Legal precedent is reasoning by analogy. Step by step the law develops. In the 1950s-70s, the Supreme Court expanded the Fourth Amendment to limit police power and preserve freedom. In the 1980s until about six years ago, the Court ruled often in favor of the police and contracted the Amendment. We are now seeing a shift in the tide towards civil liberties.
This case referenced in the NY Times article, “Police Need Warrants for Driveway Searches, Supreme Court Rules” is about a police officer stepping onto a driveway to look at a motorcycle under a tarp does not have much practical importance for most police nor for most Americans, but it is a significant marker of change in the perspective of the Court and American society on the Fourth Amendment.
The war on drugs on the 1980s was followed by a war on child porn in the 1990s to the war on terrorism after 2001, each of which steadily eroded fourth amendment protections through the end of the twentieth century and first decade of the twenty-first. This fear-driven jurisprudence has been replaced with a healthy concern about the limits of police power.
The concerns about the erosion of our freedoms first raised by the ACLU, criminal defense lawyers, liberal Democrats and libertarian Republicans were ignored by most mainstream politicians. For instance, even to this day, Congress has not enacted a law requiring a warrant to read your emails. And the court reflected the mainstream. For instance, the Supreme Court a few decades ago allowed police helicopters to view your property even if your up put up a fence for privacy.
But the politics of civil liberties started to shift in the past decade. Technology companies, even as they did much to invade our privacy for commercial purposes, brought the lobbying power and legal acumen of the nation’s top law firms to write erudite briefs supporting the right of Google, Apple, and Facebook, not to be mere pawns of federal law enforcement.

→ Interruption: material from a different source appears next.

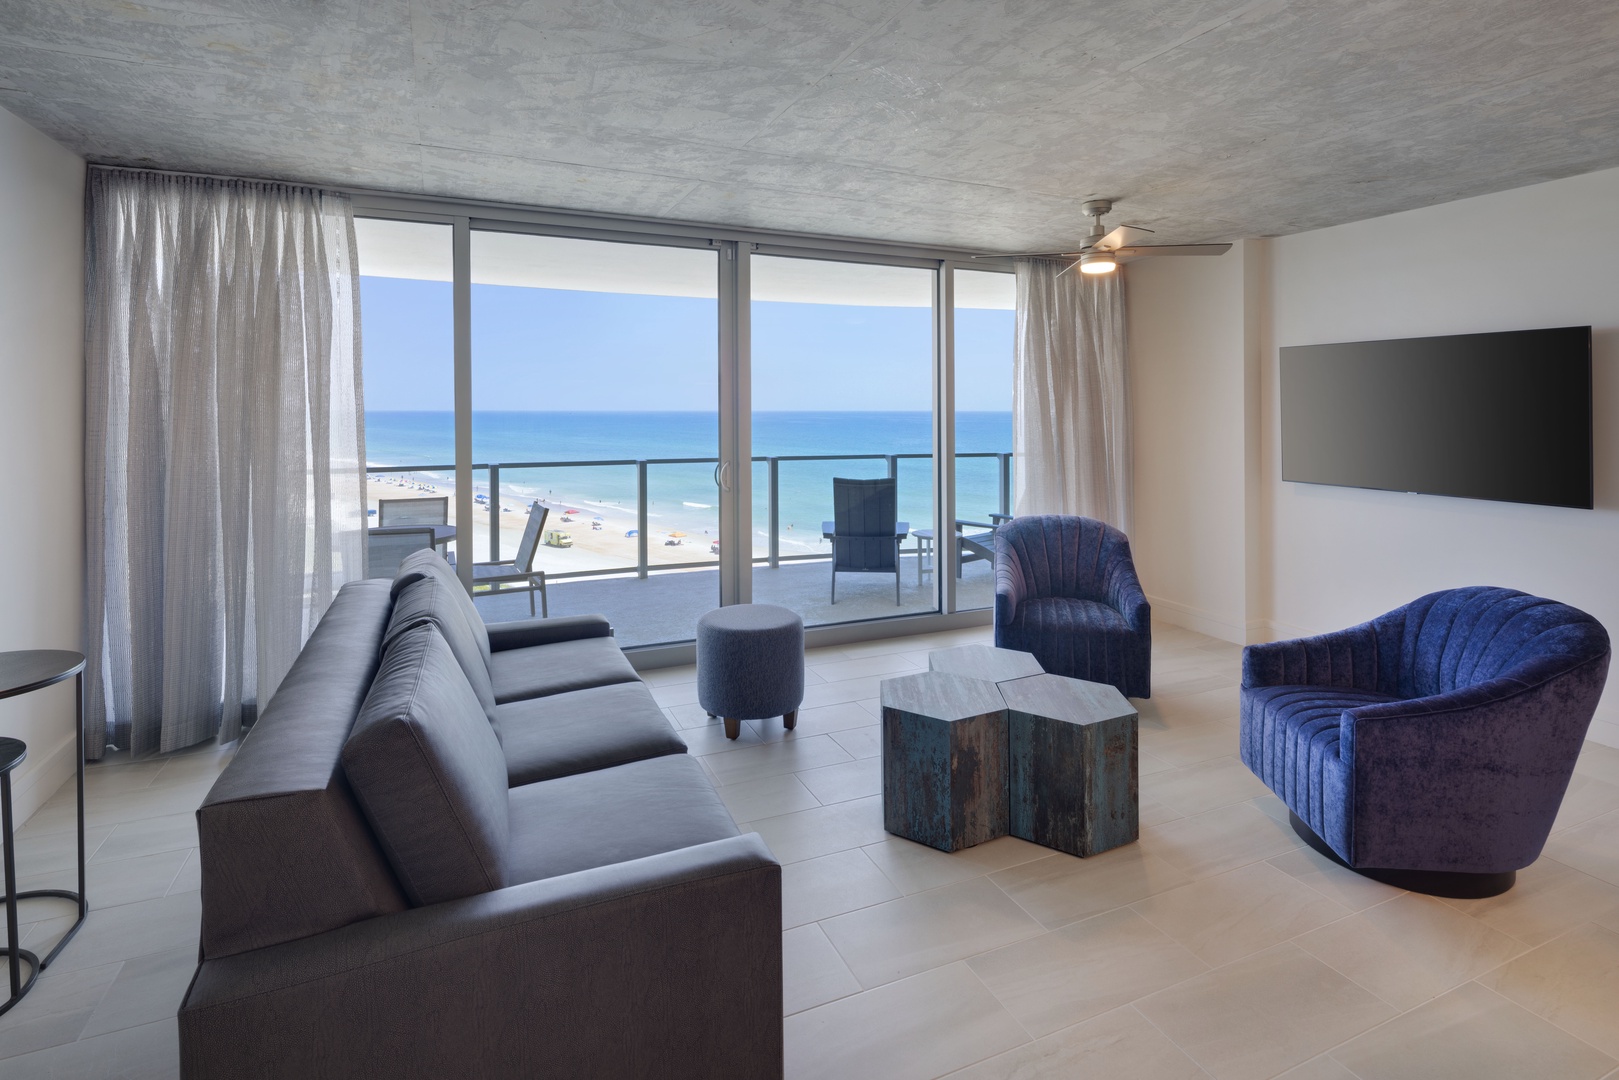 Your Oasis of Tranquility: Immerse Yourself in the Seaview Serenity of the Living Space

The Supreme Court became more tech savvy. Justice Sotomayor’s concurrence in US v Jones (2012) which struck down the police placing of a GPS tracking device without a search warrant on a suspect’s car was a watershed moment. She showed how technology allowed the Government to follow us and know our secrets, and that the Court must interpret the Fourth Amendment to prevent that. Her reasoning was adopted in the Riley case, a few years later, which outlawed the routine search of computerized cell phones from people who were arrested without a search warrant.
Now we live in extraordinary times where the President of the United States, the highest officer in the land charged with enforcing the law, regularly comments about his concerns about the power of the FBI. And so both political parties are now on record expressing concern about the power of the Government, and not just criminal actors.
This particular case is not about technology. It is a remarkably old-fashioned question of the sort that could have arisen anytime in the last hundred years but somehow had not. Can a police officer walk into your driveway and lift up a tarp covering up a vehicle without permission or a warrant? Today, eight Supreme Court justices said no. Precisely because the question seems minor and routine and just a slight change from the formal rule, the reasoning of the dissent would have carried the day for most of my adult life. But not today.
This change in perspective about the role of the Court in keeping all of us free is a good one. The fourth amendment is neither liberal nor conservative. Rather, it is a uniquely American notion that the Government must be constrained in its efforts to keep us safe in order to keep us free.